PlayStation está bajo presión por un posible cambio en sus juegos digitales. Tras la actualización de marzo de PS5, algunos jugadores reportaron un contador de “periodo válido” en títulos comprados desde PlayStation Store. La lectura más preocupante es que la consola tendría que conectarse a internet cada 30 días para validar licencias.
Por ahora no hay una explicación oficial clara. Algunos reportes apuntan a una nueva política de DRM, otros hablan de un error no intencional y algunas respuestas del soporte de Sony sugieren que podría estar relacionado con Console Sharing en PS5. La falta de una postura pública de Sony solo empeora la conversación.
Comprar digital vuelve a sentirse frágil
El enojo no viene de tener que conectar la consola una vez al mes. Viene de una pregunta mucho más vieja: qué estás comprando cuando pagas por un juego digital.
Si el acceso depende de validaciones periódicas, el juego deja de sentirse como algo tuyo y se acerca más a una licencia que puede cambiar según las reglas de la tienda. Eso preocupa por los servidores, por las cuentas bloqueadas, por las consolas guardadas y por la preservación a largo plazo.

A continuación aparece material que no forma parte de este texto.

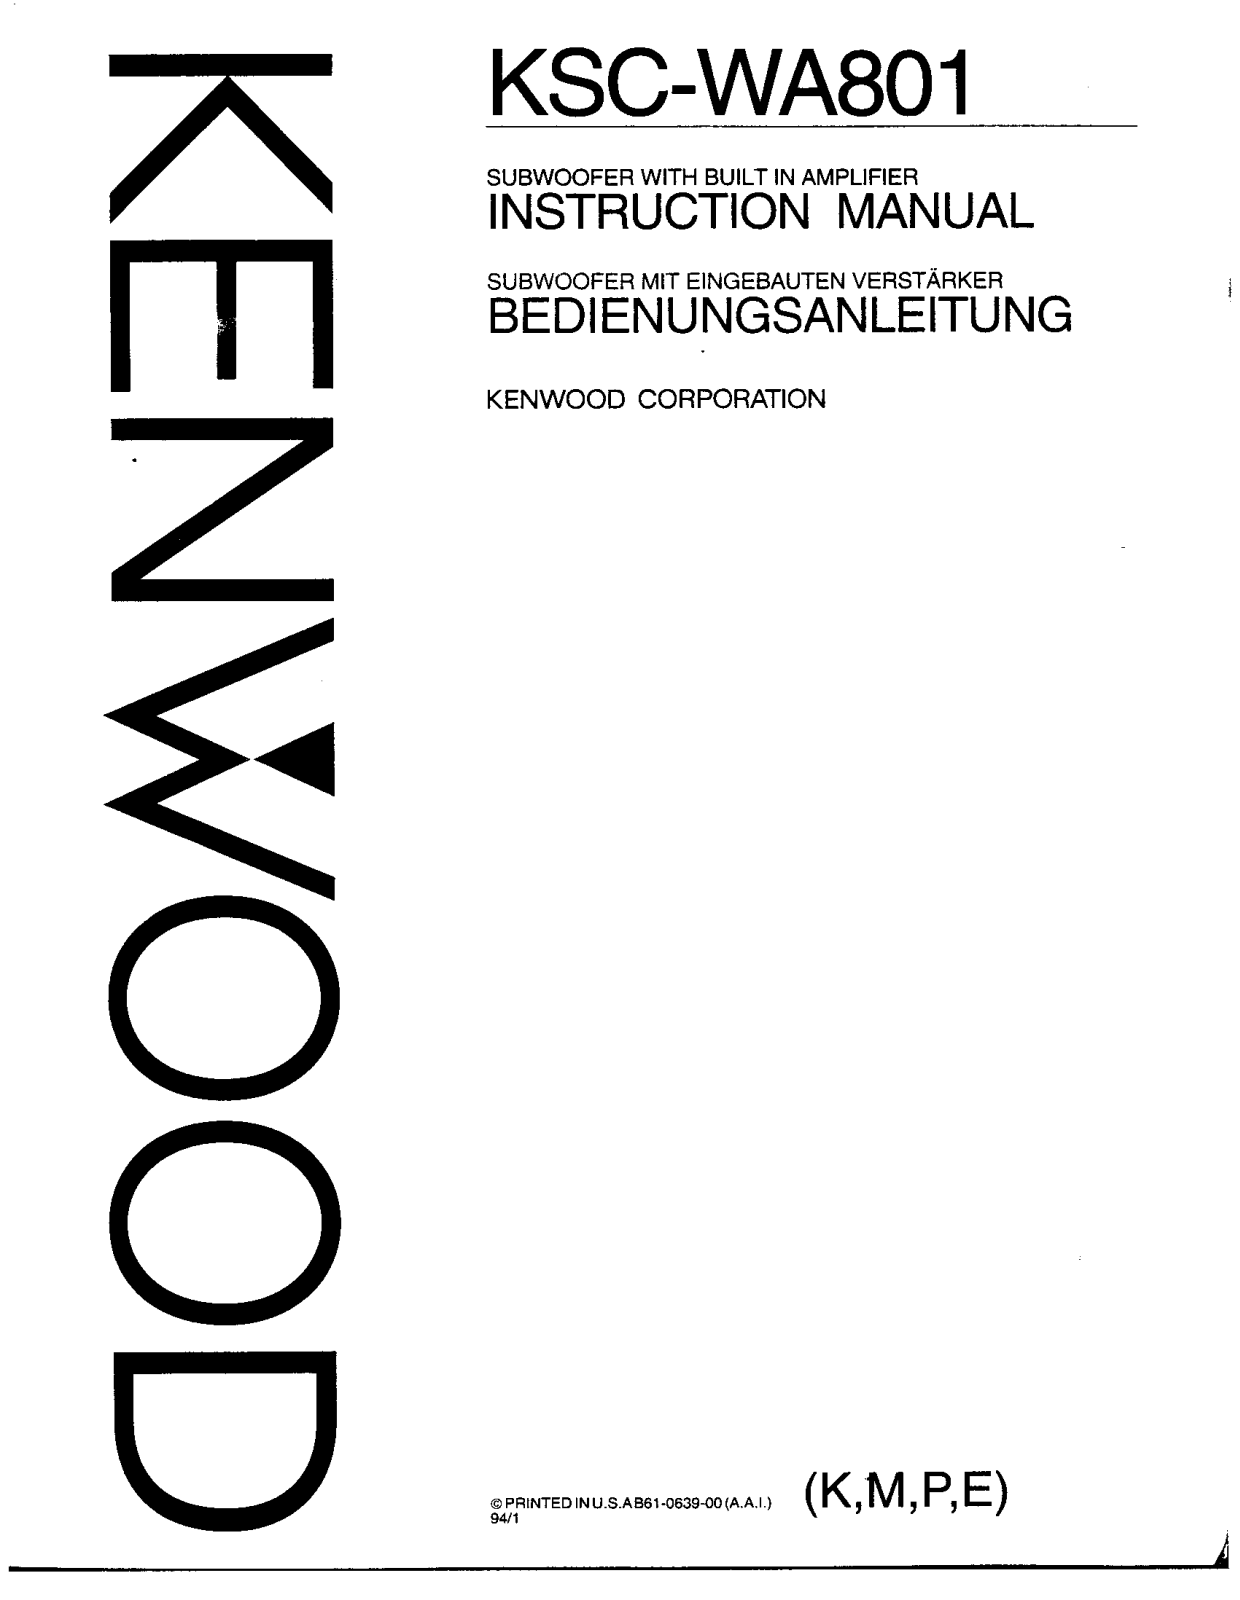 Kenwood KSC-WA801 Owner's Manual
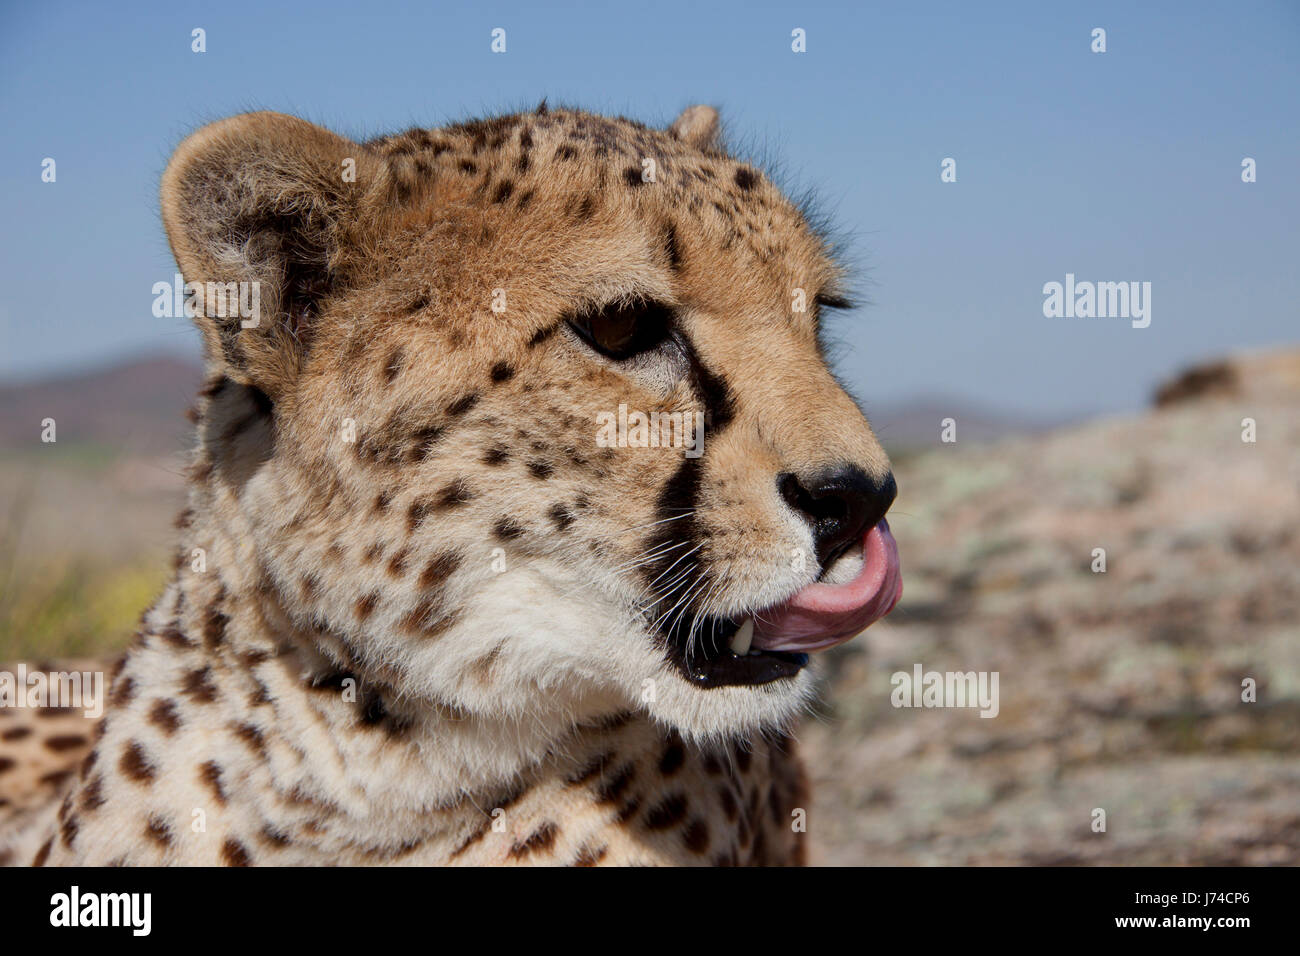 preening cheetah Stock Photo

La comparación con el Xbox One original apareció rápido entre jugadores. Microsoft intentó empujar una idea parecida de conexión y validación online, pero terminó reculando antes del lanzamiento de la consola.
Sony tiene que responder
No hay confirmación oficial de un DRM permanente de 30 días para todos los juegos digitales de PlayStation. Ese punto debe quedar claro. Pero cuando los jugadores encuentran contadores de licencia y el soporte responde de forma inconsistente, el silencio de Sony no ayuda.
El momento tampoco favorece a la compañía. La conversación sobre preservación de videojuegos ha crecido con iniciativas como Stop Killing Games, que ganó fuerza tras el cierre de The Crew y ya supera el millón de firmas desde 2024.
Si fue un error, Sony puede cortar la discusión rápido. Si es una política nueva, la compañía tendría que explicarla antes de que más jugadores descubran el cambio por capturas, rumores o respuestas mezcladas del soporte. El problema no es solo técnico; es confianza en la biblioteca digital que mucha gente lleva años pagando.